Até então, a companhia aérea mantinha-se em recuperação judicial desde dezembro de 2018, mas que já havia perdido qualquer possibilidade de ser executado há um ano quando a ANAC retirou a licença de operação da empresa. Na época, a Avianca nem mesmo possuía aviões para operar, todos eles retidos pelas empresas de leasing, suas principais credoras. Curiosamente, mesmo com indícios claros de que não havia mais saída, os desembargadores da 2ª Câmara de Direito Empresarial de São Paulo optaram por negar a recomendação do relator de fechá-la. Com isso, a OceanAir, seu nome real, e a AVB Holding, sua controladora, permaneceram como “zumbis de CNPJ”, vivas, mas sem qualquer condição de voltar a funcionar.

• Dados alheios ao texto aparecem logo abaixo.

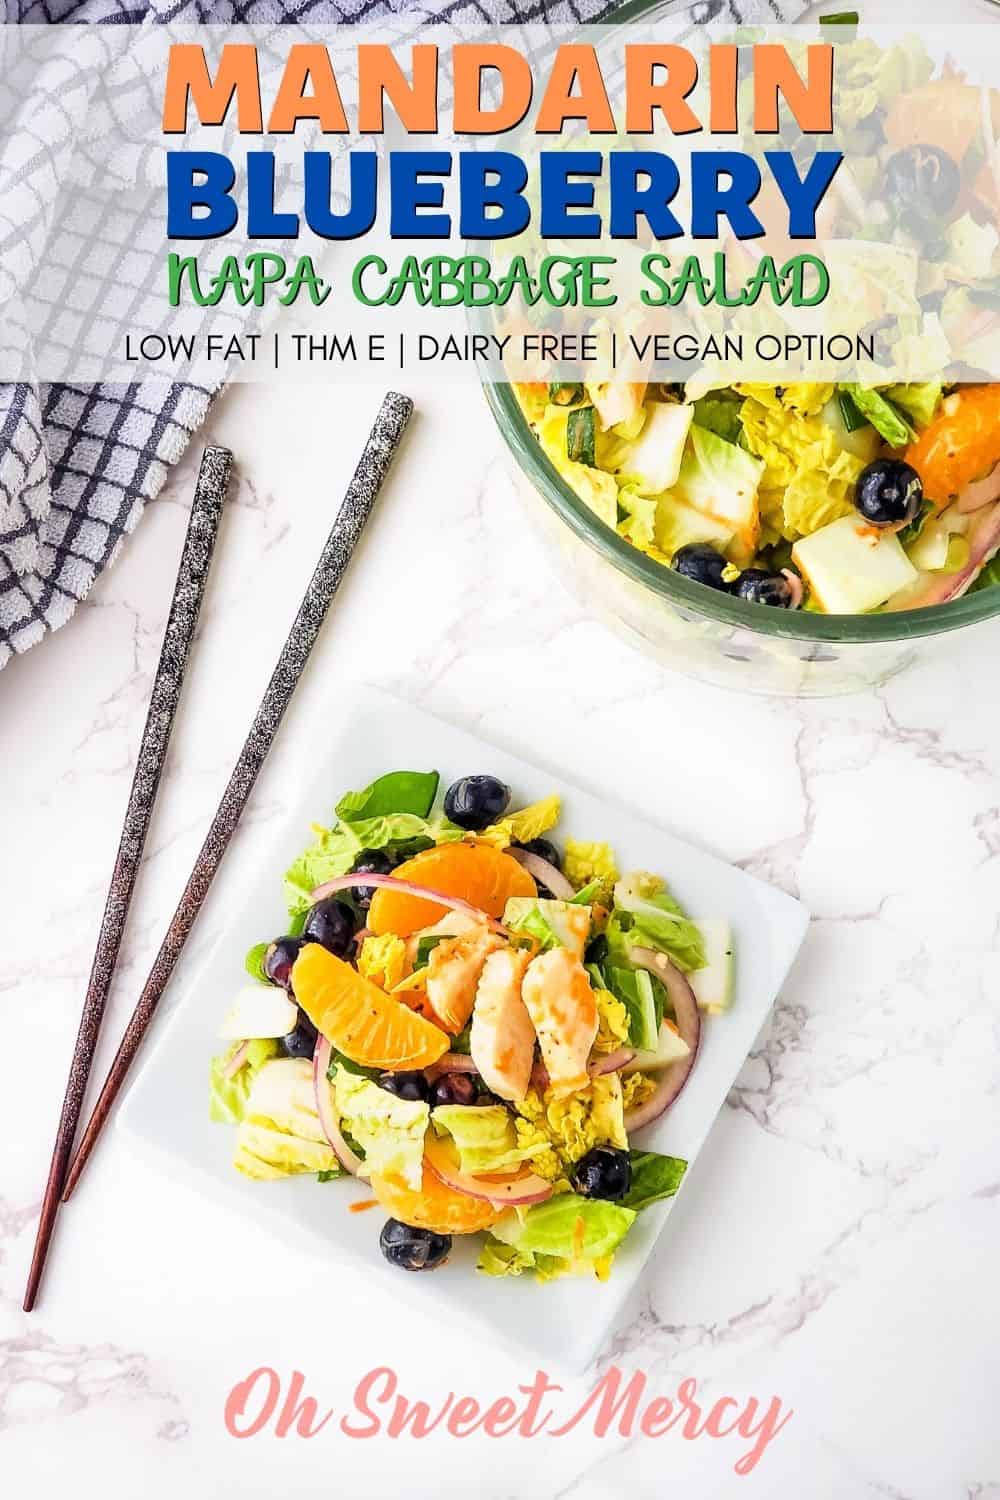 This easy low fat Mandarin Blueberry Napa Cabbage Salad is full of Asian inpired flavors plus healthy veggies and fruit. Add chicken for a main dish salad or leave it out for a delicious side dish. Dairy free, sugar free, egg free. #lowfat #thm #napacabbage #salads #sugarfree #dairyfree #vegan #vegetarian @ohsweetmercy

Com a falência, nada menos que R$ 2,7 bilhões de dívidas praticamente virarão pó já que a OceanAir não tem qualquer ativo – seus slots em aeroportos movimentados foram redistribuídos pela ANAC há um ano. Seus mais de 5 mil funcionários estariam sem receber os créditos trabalhistas que em tese teriam prioridade dentro do plano de recuperação judicial, segundo o sindicato dos Aeroviários, que avisou que processará os sócios da empresa.

Estrutura acionária incompreensível

Mas é bom esperar sentado por uma decisão judicial que faça os irmãos Efromovich arcarem com o imenso abismo de dívidas que deixaram. O emaranhado de leis e a complexa burocracia da Justiça brasileira têm permitido que tragédias empresariais como a da Avianca Brasil se tornem comuns. Basta lembrar da VASP, que comprada pelo grupo Canhedo das mãos do governo do estado de São Paulo, teve um período de rápida expansão, com direito a subsidiárias em outros países, para então entrar em colapso em 2005.

A Avianca fez grande uso do A320neo, porém, perdeu parte da frota por conta dos problemas financeiros (Benito Latorre)

Antes de entrar em concordata, a Avianca expandiu sua atuação internacional e alugou vários aviões novos (Benito Latorre)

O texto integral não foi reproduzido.